§ **Required work**
Repeat the lines of the data that follow, please, starting at the first and stopping after the one with "войной из-за Крыма".

§ **Task input**
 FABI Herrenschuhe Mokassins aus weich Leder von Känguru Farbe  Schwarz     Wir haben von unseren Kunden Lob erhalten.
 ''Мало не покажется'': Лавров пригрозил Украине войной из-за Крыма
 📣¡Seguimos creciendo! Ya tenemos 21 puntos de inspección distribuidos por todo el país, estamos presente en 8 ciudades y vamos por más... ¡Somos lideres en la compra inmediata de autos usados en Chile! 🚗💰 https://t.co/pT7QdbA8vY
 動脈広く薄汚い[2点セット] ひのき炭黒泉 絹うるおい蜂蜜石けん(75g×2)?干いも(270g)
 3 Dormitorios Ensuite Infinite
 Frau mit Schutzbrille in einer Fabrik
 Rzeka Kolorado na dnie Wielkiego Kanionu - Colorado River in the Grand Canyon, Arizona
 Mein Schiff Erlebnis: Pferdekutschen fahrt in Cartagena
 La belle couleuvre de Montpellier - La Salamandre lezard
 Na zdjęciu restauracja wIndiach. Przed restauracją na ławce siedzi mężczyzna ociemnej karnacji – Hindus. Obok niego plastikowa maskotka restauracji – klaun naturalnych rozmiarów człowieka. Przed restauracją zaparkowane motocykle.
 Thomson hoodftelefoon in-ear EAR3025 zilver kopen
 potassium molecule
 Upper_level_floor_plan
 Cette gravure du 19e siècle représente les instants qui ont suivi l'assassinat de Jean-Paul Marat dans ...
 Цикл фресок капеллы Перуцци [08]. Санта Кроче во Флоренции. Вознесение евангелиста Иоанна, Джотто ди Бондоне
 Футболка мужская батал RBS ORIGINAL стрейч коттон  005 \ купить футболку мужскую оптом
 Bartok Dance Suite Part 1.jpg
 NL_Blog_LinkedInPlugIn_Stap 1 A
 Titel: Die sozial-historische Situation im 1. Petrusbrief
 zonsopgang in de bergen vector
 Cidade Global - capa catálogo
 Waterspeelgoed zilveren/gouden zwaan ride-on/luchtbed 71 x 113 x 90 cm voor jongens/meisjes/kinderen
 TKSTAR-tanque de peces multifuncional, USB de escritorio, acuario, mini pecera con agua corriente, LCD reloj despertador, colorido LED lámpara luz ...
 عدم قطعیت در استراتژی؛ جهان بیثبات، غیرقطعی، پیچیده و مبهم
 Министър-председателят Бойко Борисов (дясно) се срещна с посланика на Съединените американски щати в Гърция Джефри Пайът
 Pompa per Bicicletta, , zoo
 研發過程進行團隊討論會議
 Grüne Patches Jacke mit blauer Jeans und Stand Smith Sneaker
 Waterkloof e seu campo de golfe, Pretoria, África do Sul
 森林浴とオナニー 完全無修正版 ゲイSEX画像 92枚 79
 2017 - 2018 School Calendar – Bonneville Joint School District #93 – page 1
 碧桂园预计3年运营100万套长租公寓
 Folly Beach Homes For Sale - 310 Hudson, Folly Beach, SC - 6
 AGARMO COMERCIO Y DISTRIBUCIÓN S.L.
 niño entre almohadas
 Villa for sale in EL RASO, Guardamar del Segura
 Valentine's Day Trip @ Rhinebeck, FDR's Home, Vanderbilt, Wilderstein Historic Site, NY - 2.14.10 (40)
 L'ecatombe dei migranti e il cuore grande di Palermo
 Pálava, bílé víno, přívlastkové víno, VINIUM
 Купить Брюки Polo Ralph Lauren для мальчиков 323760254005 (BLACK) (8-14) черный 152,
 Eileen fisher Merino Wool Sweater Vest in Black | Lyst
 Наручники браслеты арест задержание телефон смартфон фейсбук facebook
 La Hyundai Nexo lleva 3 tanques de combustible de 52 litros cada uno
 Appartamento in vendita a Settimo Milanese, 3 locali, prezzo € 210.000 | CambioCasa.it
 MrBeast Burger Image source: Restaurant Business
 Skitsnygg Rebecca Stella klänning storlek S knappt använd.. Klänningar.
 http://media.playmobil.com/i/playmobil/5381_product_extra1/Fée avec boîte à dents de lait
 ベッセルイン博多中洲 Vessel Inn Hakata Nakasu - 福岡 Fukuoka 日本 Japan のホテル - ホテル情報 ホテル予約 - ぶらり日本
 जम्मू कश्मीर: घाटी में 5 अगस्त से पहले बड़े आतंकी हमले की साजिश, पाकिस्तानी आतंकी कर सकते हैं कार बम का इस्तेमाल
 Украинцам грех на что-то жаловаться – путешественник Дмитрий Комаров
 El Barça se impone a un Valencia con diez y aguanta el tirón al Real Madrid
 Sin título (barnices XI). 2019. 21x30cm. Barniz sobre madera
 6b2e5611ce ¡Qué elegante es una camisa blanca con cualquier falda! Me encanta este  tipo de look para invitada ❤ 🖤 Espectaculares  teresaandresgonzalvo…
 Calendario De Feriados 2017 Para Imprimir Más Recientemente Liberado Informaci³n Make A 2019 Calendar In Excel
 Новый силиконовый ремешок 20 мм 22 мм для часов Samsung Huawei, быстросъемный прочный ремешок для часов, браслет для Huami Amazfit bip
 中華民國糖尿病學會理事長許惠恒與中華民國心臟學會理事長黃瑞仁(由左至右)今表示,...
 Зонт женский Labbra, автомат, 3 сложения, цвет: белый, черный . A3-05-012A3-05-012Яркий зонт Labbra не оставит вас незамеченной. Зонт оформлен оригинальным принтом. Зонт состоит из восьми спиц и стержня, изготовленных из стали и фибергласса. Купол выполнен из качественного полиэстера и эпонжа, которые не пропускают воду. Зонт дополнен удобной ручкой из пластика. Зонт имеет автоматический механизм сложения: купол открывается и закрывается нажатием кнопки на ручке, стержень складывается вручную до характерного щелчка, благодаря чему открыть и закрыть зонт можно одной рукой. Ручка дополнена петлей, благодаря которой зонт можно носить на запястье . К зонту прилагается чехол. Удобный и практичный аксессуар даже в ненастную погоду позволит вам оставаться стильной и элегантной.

§ **Response**
 FABI Herrenschuhe Mokassins aus weich Leder von Känguru Farbe  Schwarz     Wir haben von unseren Kunden Lob erhalten.
 ''Мало не покажется'': Лавров пригрозил Украине войной из-за Крыма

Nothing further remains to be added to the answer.